Para as redes Magazine Luiza e Via Varejo, o aplicativo virou uma forma bastante eficiente de integrar as lojas físicas e on-line, reunindo informações sobre o hábito de consumo dos clientes e otimizando o espaço físico das lojas. Com isso, a ideia é também liberar o vendedor para realizar um atendimento mais humanizado.
O DIGITAL A FAVOR DO ATENDIMENTO MAIS HUMANO
O grande pensador do Marketing 4.0, Philip Kotler, propôs a divisão do marketing no mundo digital em cinco partes. Assimilação, atração, arguição, ação e apologia. O estudo “Construindo um futuro digital com um toque humano”, da KPMG, destaca a importância dos dois últimos pontos. A ação refere-se à capacidade da marca em fazer o consumidor comprar e, mais do que isso, fazê-lo comprar mais vezes. A apologia, por sua vez, diz respeito à capacidade da marca de fazer com que o consumidor advogue a seu favor.
O estudo da KPMG realizado com consumidores americanos aponta quais aspectos mais influenciam a capacidade das marcas em estimular ação e apologia. Para que possam comprar, recomprar e advogar a favor da marca, os consumidores cobram principalmente eficiência e empatia por parte dos vendedores.
O uso de novas tecnologias no mercado americano, segundo o estudo, aumentou a eficiência dos comerciantes e também a capacidade de oferecer um atendimento mais afetuoso. “Isso mostra que manter um toque humano é tão importante agora quanto era antes para os melhores players”, conclui o relatório da KPMG.

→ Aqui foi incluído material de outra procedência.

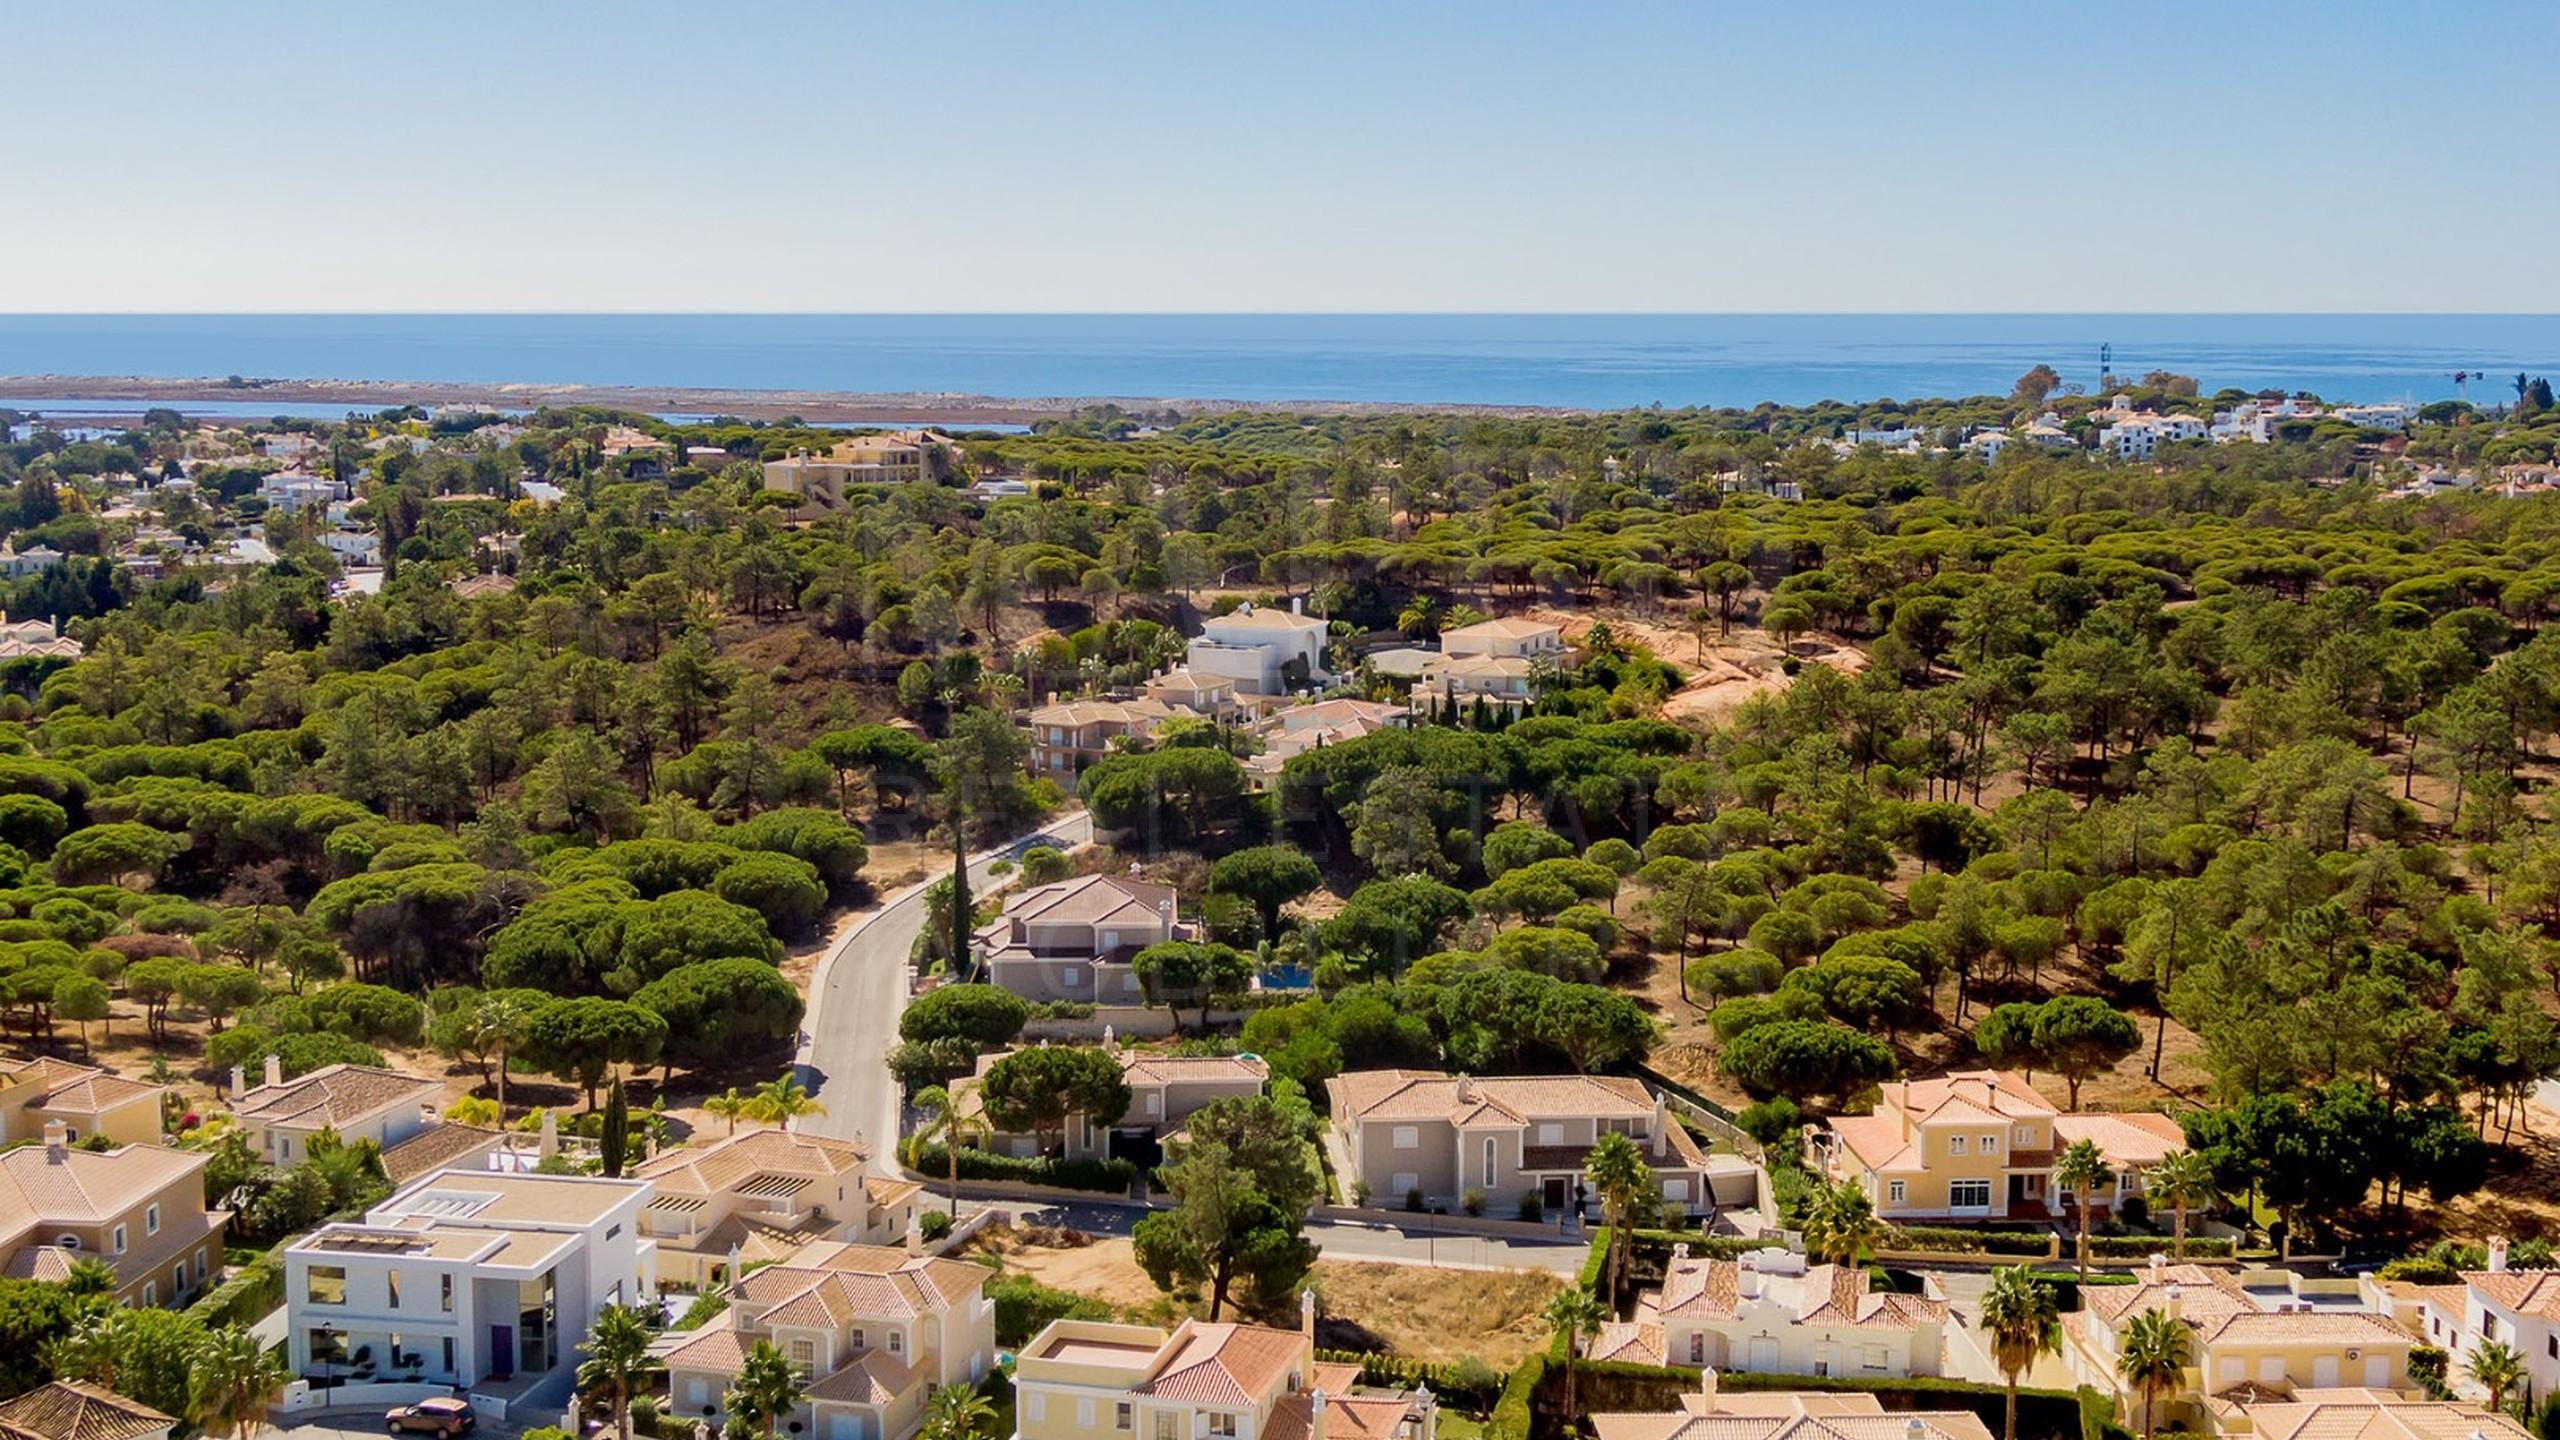 Terrain à vendre en Algarve pour la construction

O Brasil está demorando para fazer do vendedor uma espécie de consultor, como já acontece nos EUA. Meylan sugere que isso é fruto do atraso na modernização das lojas. “A gente ainda compra na loja física basicamente como comprávamos na década de 90. Muito pouca tecnologia foi inserida na loja física. Refiro-me à capacidade de rastrear o cliente dentro desse ambiente, de conhecer as posições da loja que são mais visitadas e comunicar-se com ele”, constata. Porém, o especialista da KPMG afirma que isso está sendo gradualmente consertado. “Estamos, de fato, vivendo a transformação”, anima-se.
SEM CAIXA, SEM FILA
O grupo Adeo, dono da Leroy Merlin, chegou ao Brasil, no fim de 2017, com a Zôdio, loja de objetos decorativos e produtos para o lar. Giovanni Montoneri, diretor de Inovação Digital da Zôdio Brasil, teve como principal desafio mostrar todo o potencial tecnológico que a marca se propôs a abraçar com um toque de humanidade. “Trabalhamos sobre o eixo people to people, em que não falamos mais sobre produtos, falamos sobre experiências de vida e criamos relacionamento humano”, explica.

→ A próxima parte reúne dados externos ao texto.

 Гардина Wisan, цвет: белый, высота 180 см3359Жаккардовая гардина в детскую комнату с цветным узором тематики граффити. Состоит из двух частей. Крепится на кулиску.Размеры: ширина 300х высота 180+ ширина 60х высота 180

Para deixar os clientes à vontade para aproveitarem o espaço, a marca implementará um terminal para pagamento sem a necessidade da intermediação humana. “Estamos implementando o self-checkout. Diferentemente de um PDV clássico, no self-checkout, nosso habitante (cliente) pode utilizar o caixa sozinho. Ele pode finalizar a compra usando apenas o aplicativo. Inscrevendo seu CPF, ele é reconhecido e depois passa o produto. Por fim, o sistema indica possíveis vouchers que tenha recebido em seu aplicativo, passa o cartão e vai embora”, detalha o diretor.
O self-checkout foi implementado de maneira mais impressionante pela Amazon Go, em Seattle, nos Estados Unidos. A gigante do varejo on-line percebeu que, mesmo com o crescimento das compras no ambiente virtual, ela precisa estabelecer-se no ambiente físico. A ideia é abrir 2 mil lojas no próximo ano com um conceito mais enxuto e veloz, mais próximo dos mercadinhos de bairro do que das grandes lojas.

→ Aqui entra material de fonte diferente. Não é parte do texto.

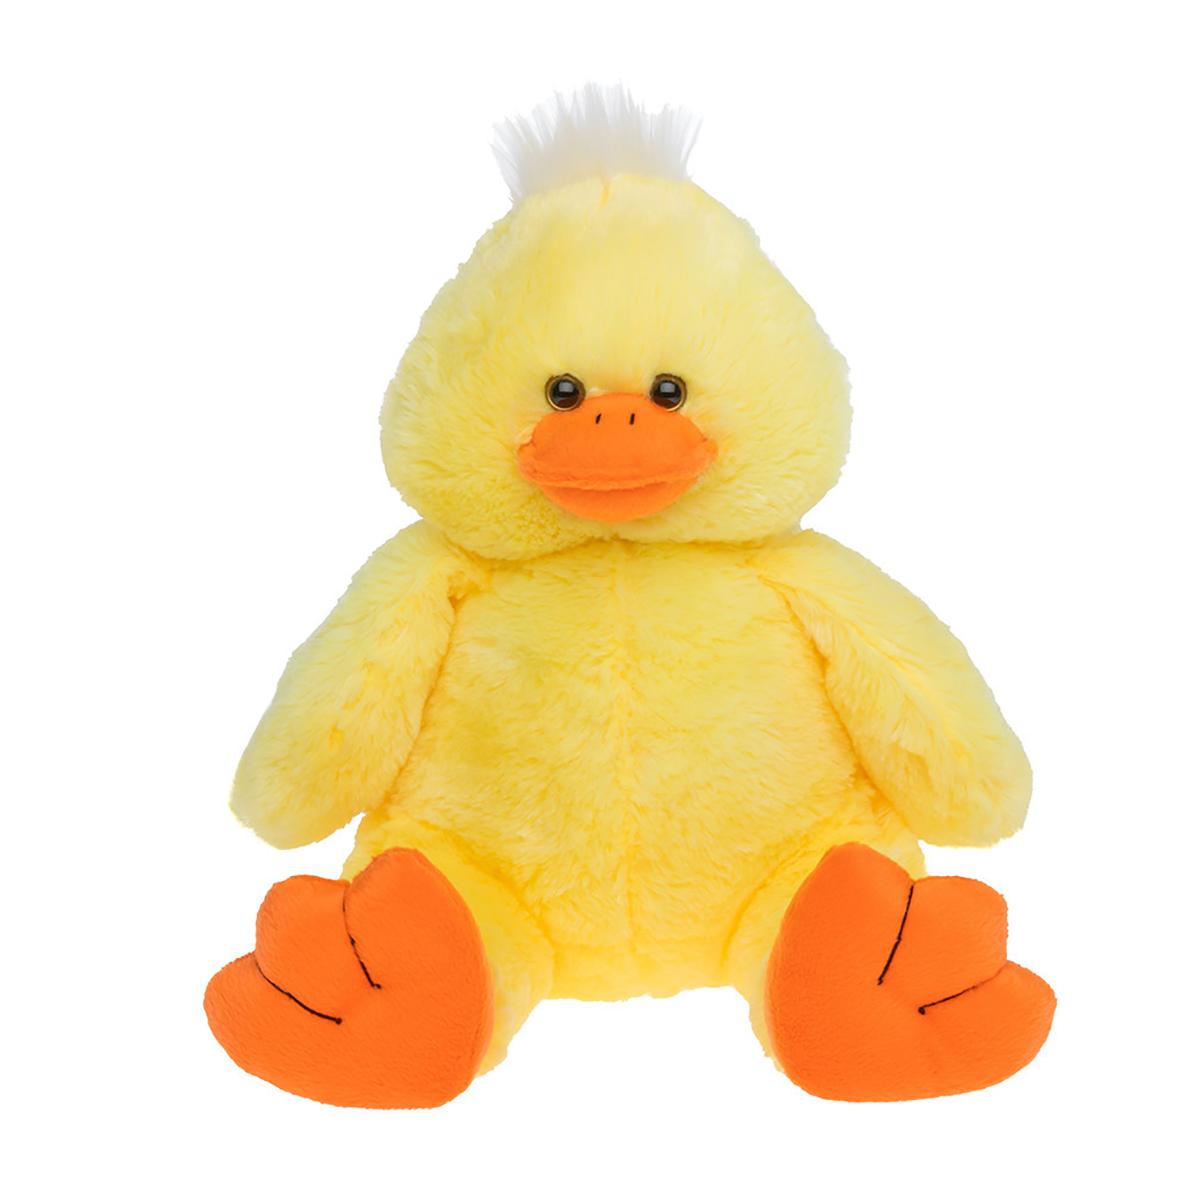 Cuddly Soft 16 inch Stuffed Yellow Plush Duck...We stuff 'em...you love 'em!

A ideia é, também, reproduzir na loja física a tecnologia capaz de captar os hábitos de consumo das pessoas, o comportamento delas na loja e também os itens que estão sendo preteridos. O tráfego do cliente pela loja é acompanhado de perto por meio das câmeras e dos sensores. A ideia, no futuro, é avaliar reações corporais e faciais ao longo da experiência de compra.
Na Amazon Go, o consumidor não precisa pegar fila nem se dirigir a um caixa ou terminal automático. Por meio da tecnologia “Just Walk Out” (apenas vá embora), o aplicativo instalado no celular acionará o pagamento da compra no cartão cadastrado na conta da Amazon.
Porém, nem tudo são flores e eficiência na loja do futuro. O Wall Street Journal informou que algumas falhas estão dificultando a concretização da ideia revolucionária da Amazon. Há dificuldades dos robôs em acompanhar os movimentos humanos quando tem muita gente na loja, além de problemas em processar informações quando os produtos são tirados dos seus lugares na prateleira.
EXPECTATIVA X REALIDADE
Para o vice-presidente de varejo e distribuição da TOTVS, Ronan Maia, tecnologias como as usadas na Amazon Go são pílulas do que o futuro reserva, mas ainda não são realidade. Ele afirma que outras modalidades de identificação do cliente, por exemplo, são hoje muito mais eficientes.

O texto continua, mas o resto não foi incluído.